Dataset extract Block Start
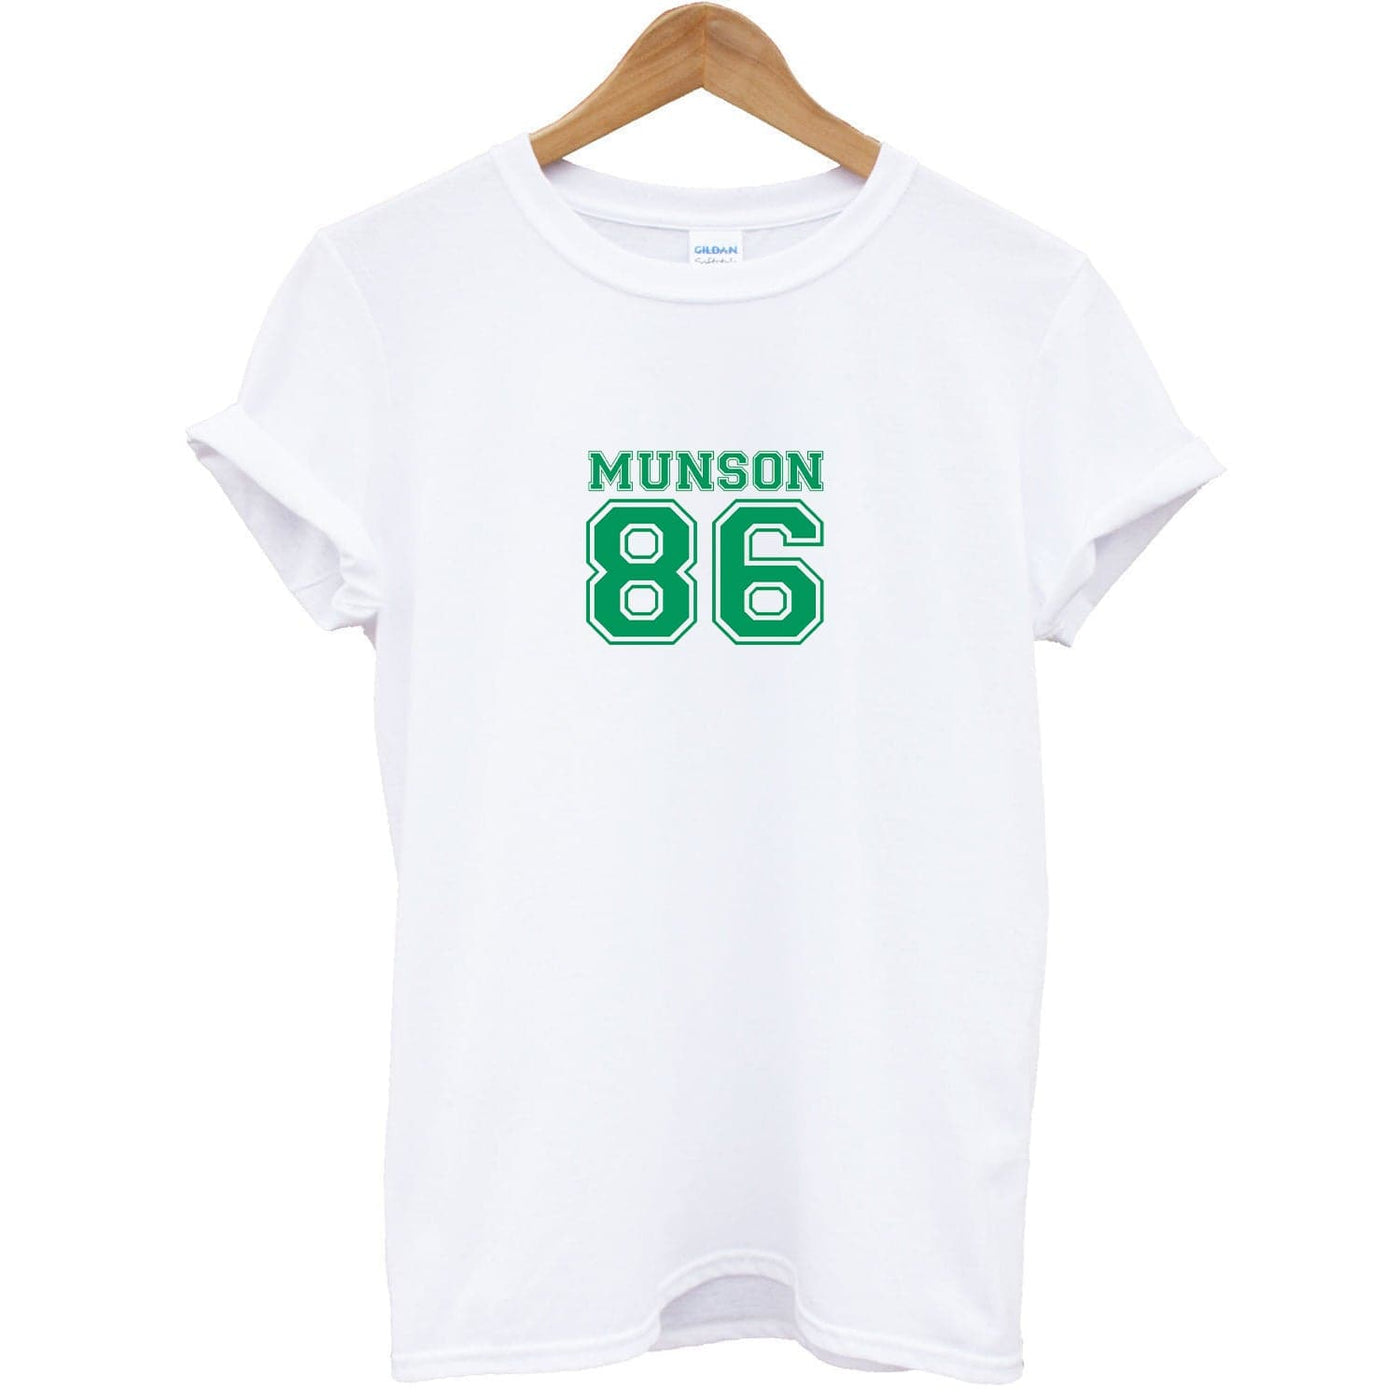 Eddie Munson 86 - Green T-Shirt
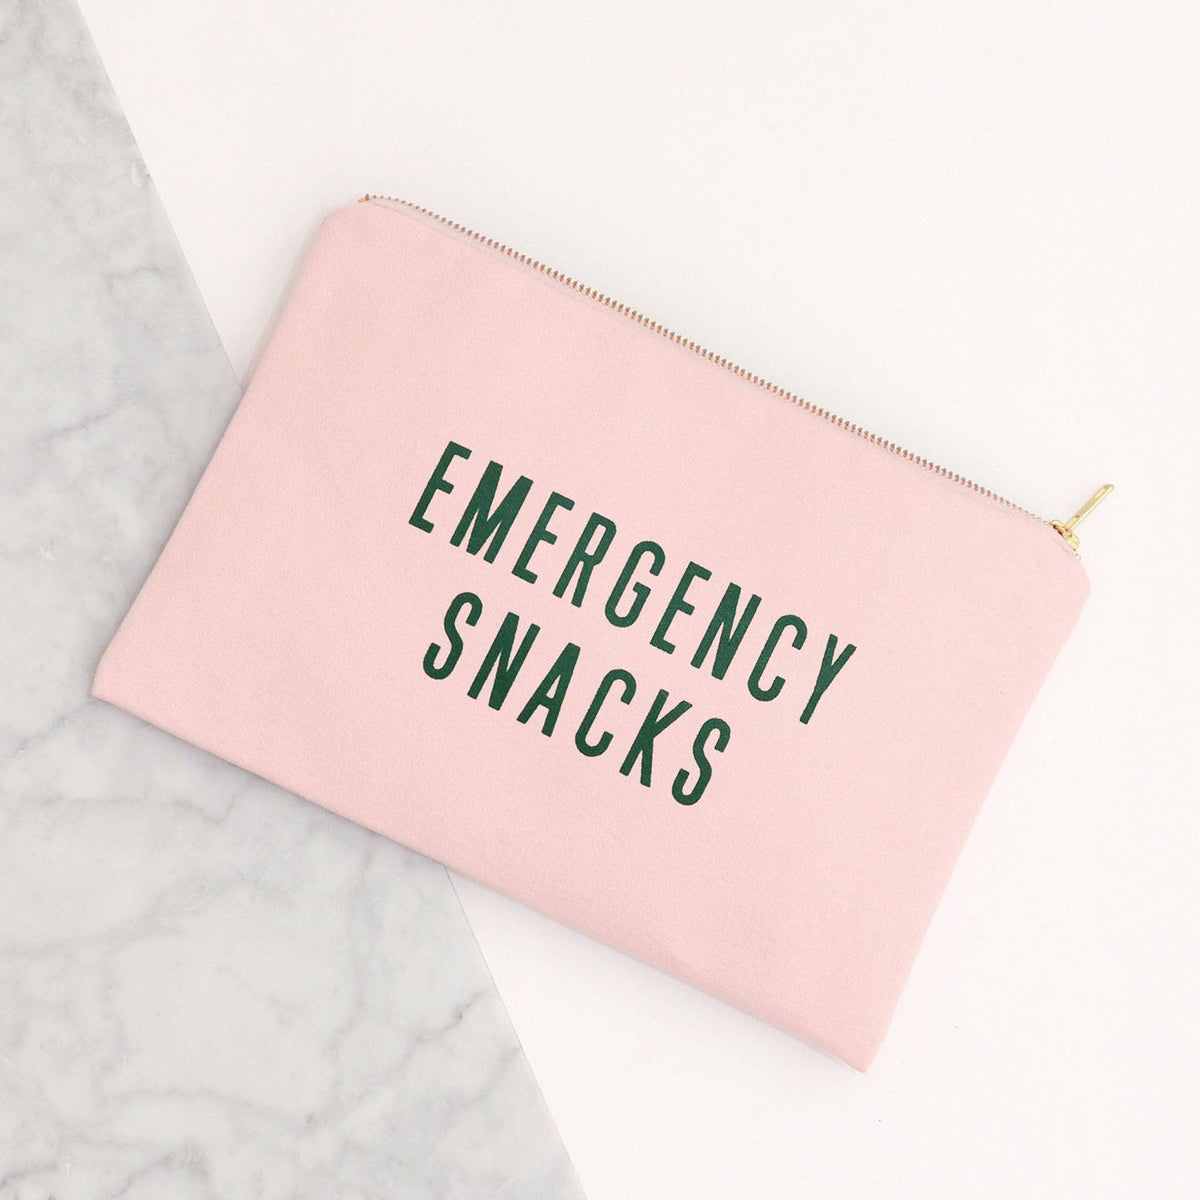 Emergency Snacks - Blush Pink Pouch
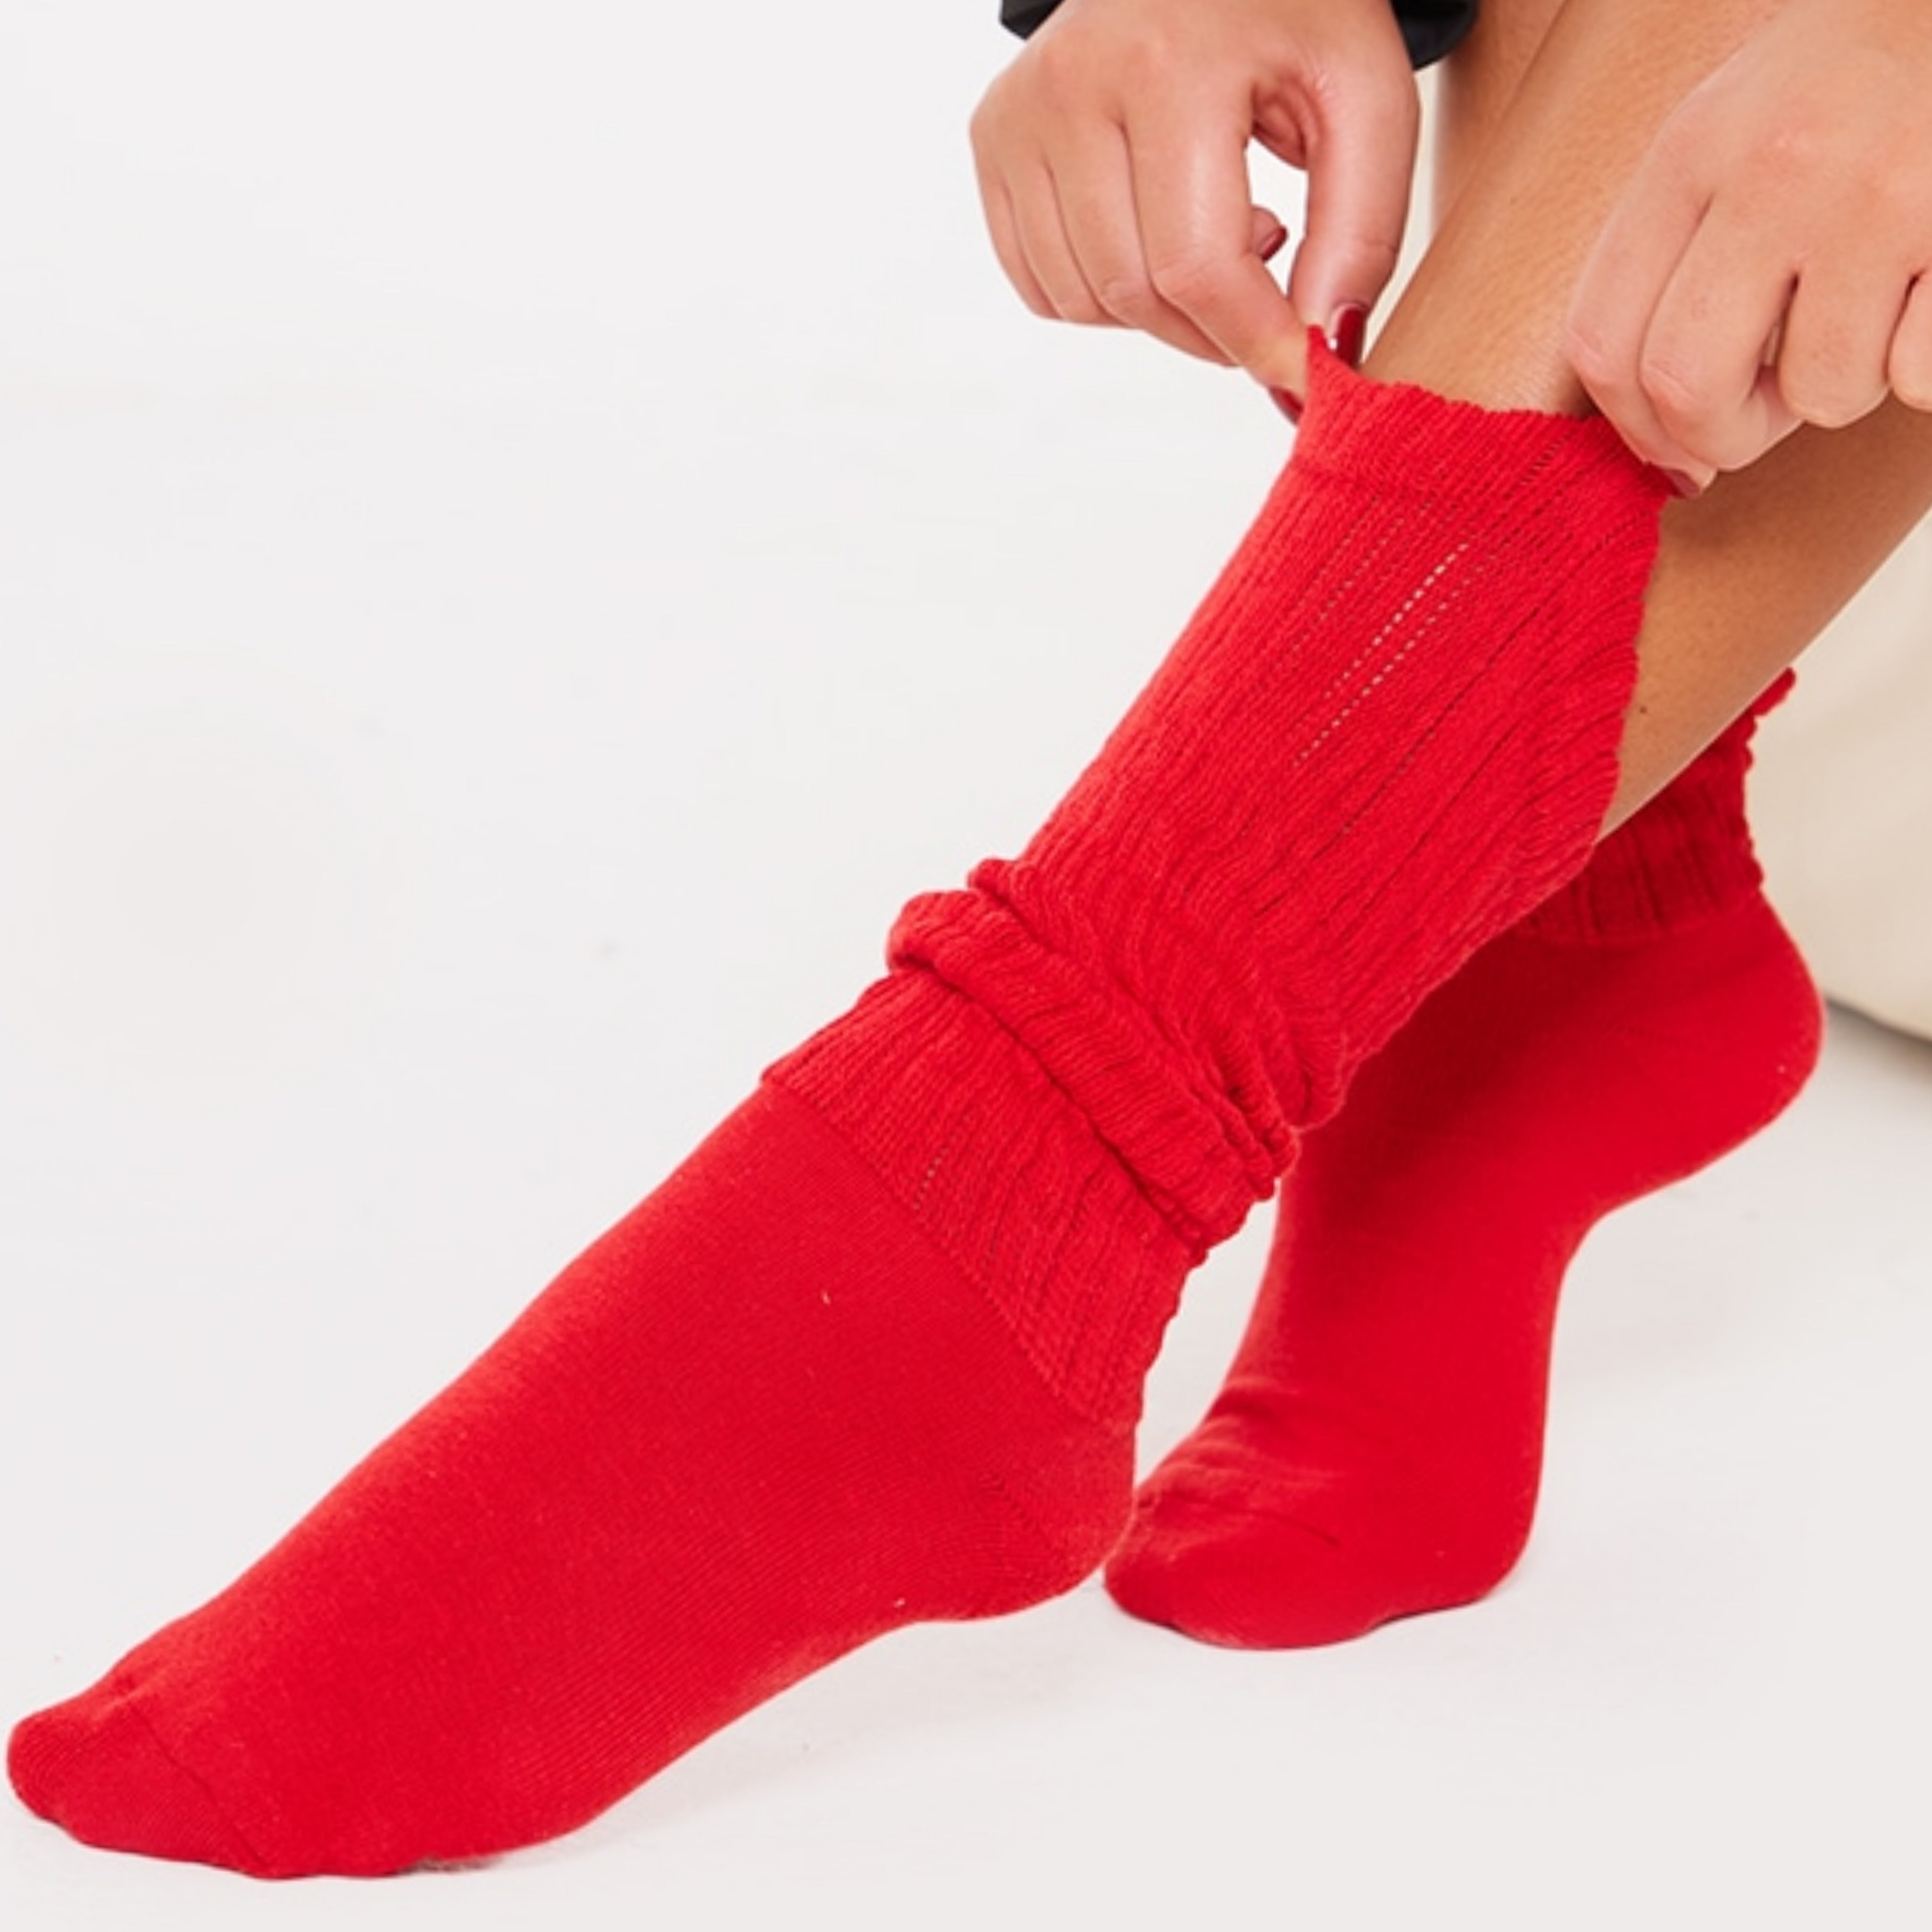 Red Slouch Socks (Adult Medium - Women's Shoe Sizes 5-10)
Dataset extract Block End
→ **Required action**: Without any of its images, the data above should be returned exactly.

→ **Exercise answer**:
 Eddie Munson 86 - Green T-Shirt
 Emergency Snacks - Blush Pink Pouch
 Red Slouch Socks (Adult Medium - Women's Shoe Sizes 5-10)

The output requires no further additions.